Scientists in Australia are now trying to produce an artificial glue as good as the toad’s. Holy-cross toad glue will stick plastic, glass, cardboard and even metal together. More importantly, it can repair splits in cartilage and other body tissues and therefore might prove to be a miracle adhesive that will help surgeons repair the most difficult of injuries.

Deadliest plant

© Haroldo Palo Jr/NHPA

The castor bean plant produces possibly the most deadly plant toxin, 6,000 times more deadly than cyanide, but it has also been known for thousands of years as a wonder plant. The secret and the poison both lie in the seed. More than 50 per cent of it comprises a rich oil, but to protect it from being eaten is ricin, a protein toxic to almost all animals (lesser quantities of ricin occur in the leaves).
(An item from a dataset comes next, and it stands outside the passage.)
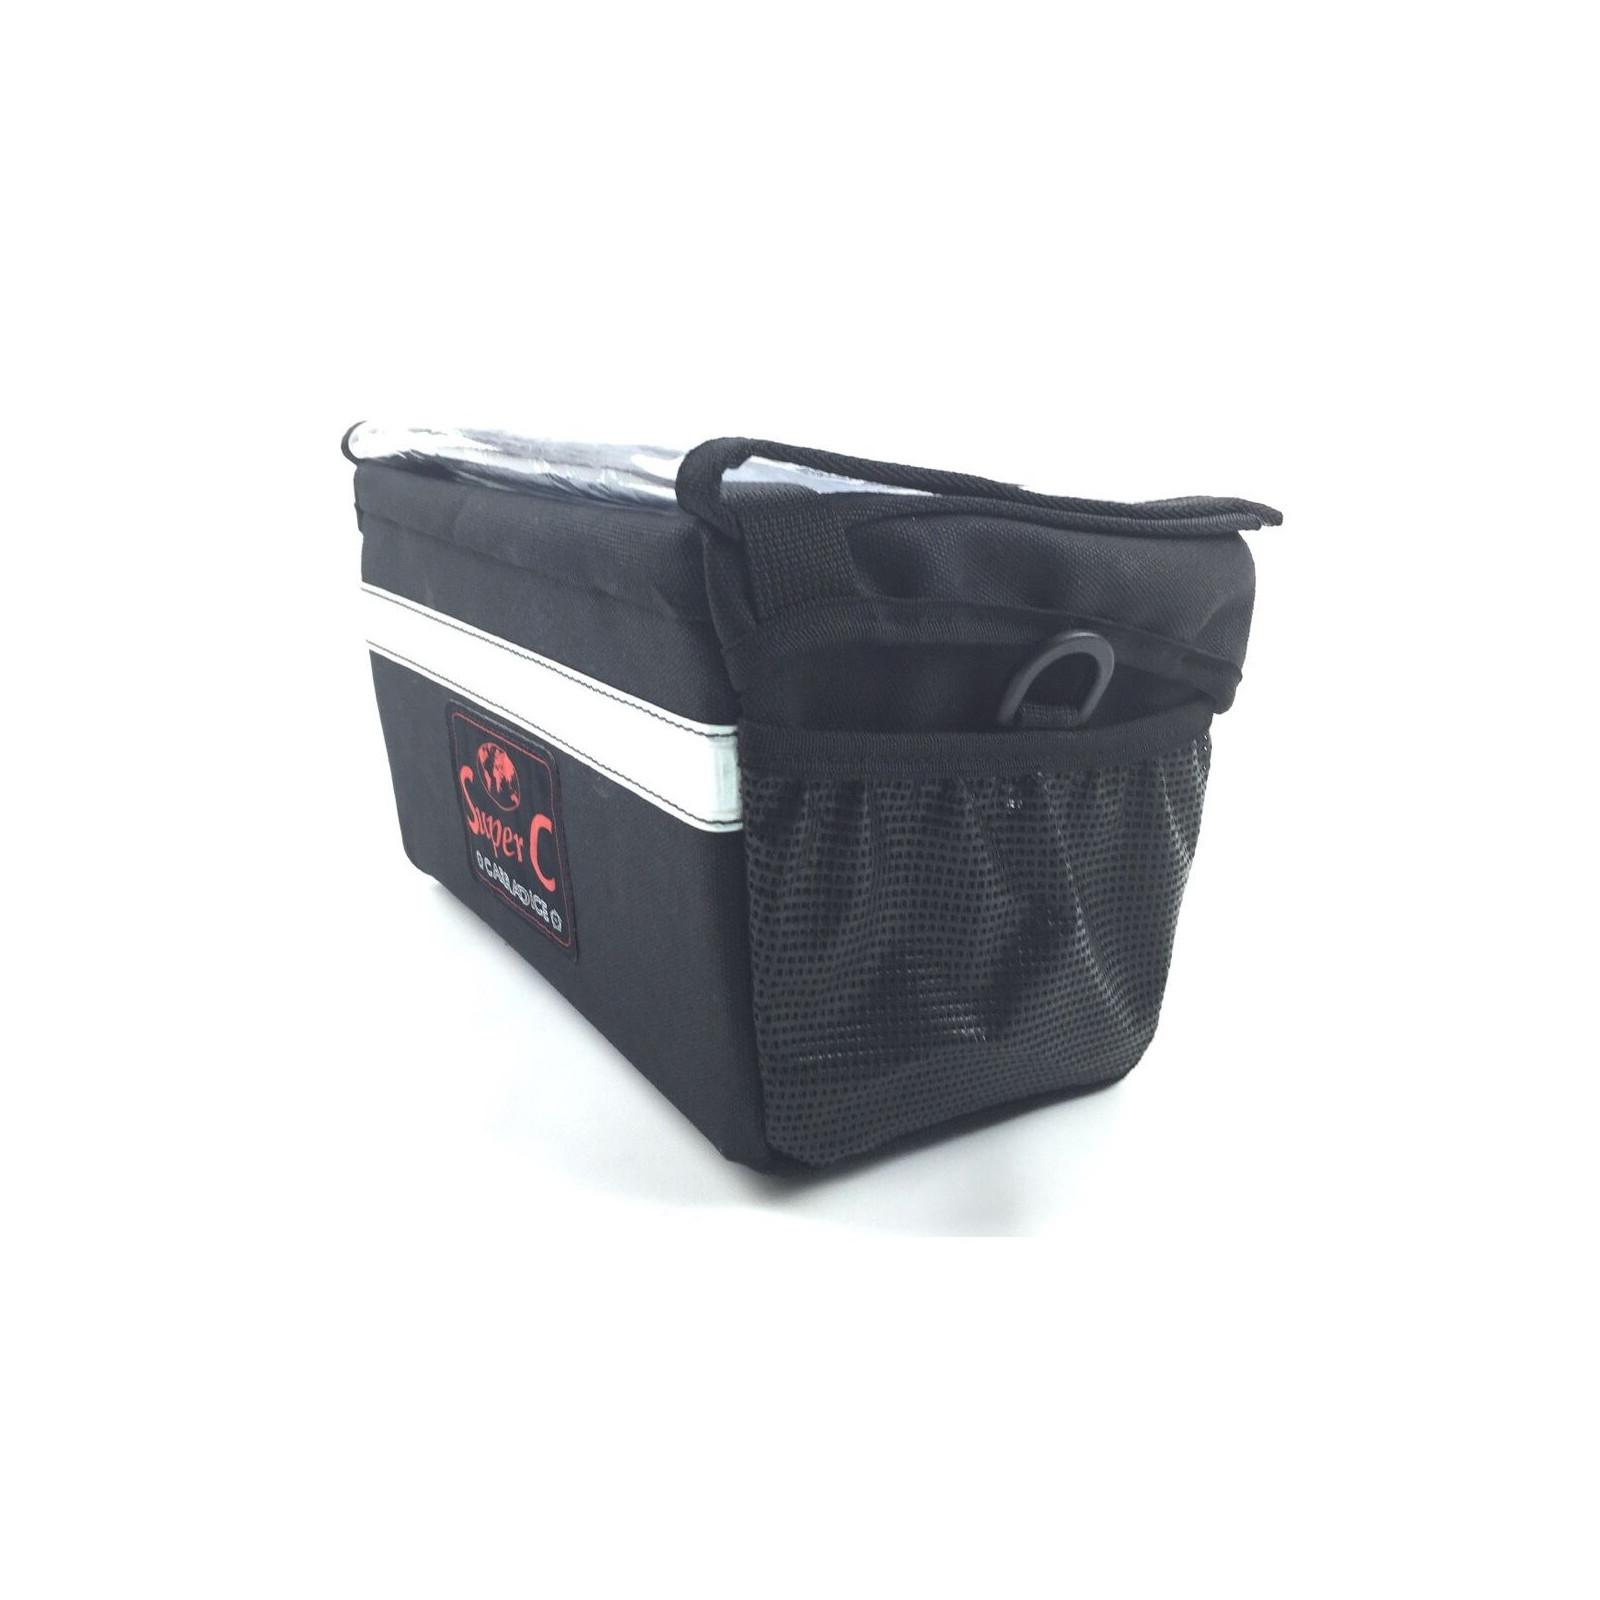 Carradice Super C Front Bag

The poison, once ingested, inactivates the key protein-making elements of a cell without which it can’t maintain itself and dies.

For humans, death is prolonged, ending in convulsions and failure of the liver and other organs. There is no known antidote. The most usual cause of poisoning comes from accidentally eating seeds, but ricin can be administered in aerosol form, in food or water, or injected, as in the famous case of a dissident Bulgarian journalist. While waiting at a bus stop at Waterloo station in London, in 1978, Georgi Markov was murdered by being stabbed with an umbrella that injected a pellet containing ricin. Widely available and easily produced, ricin could be used for biological warfare.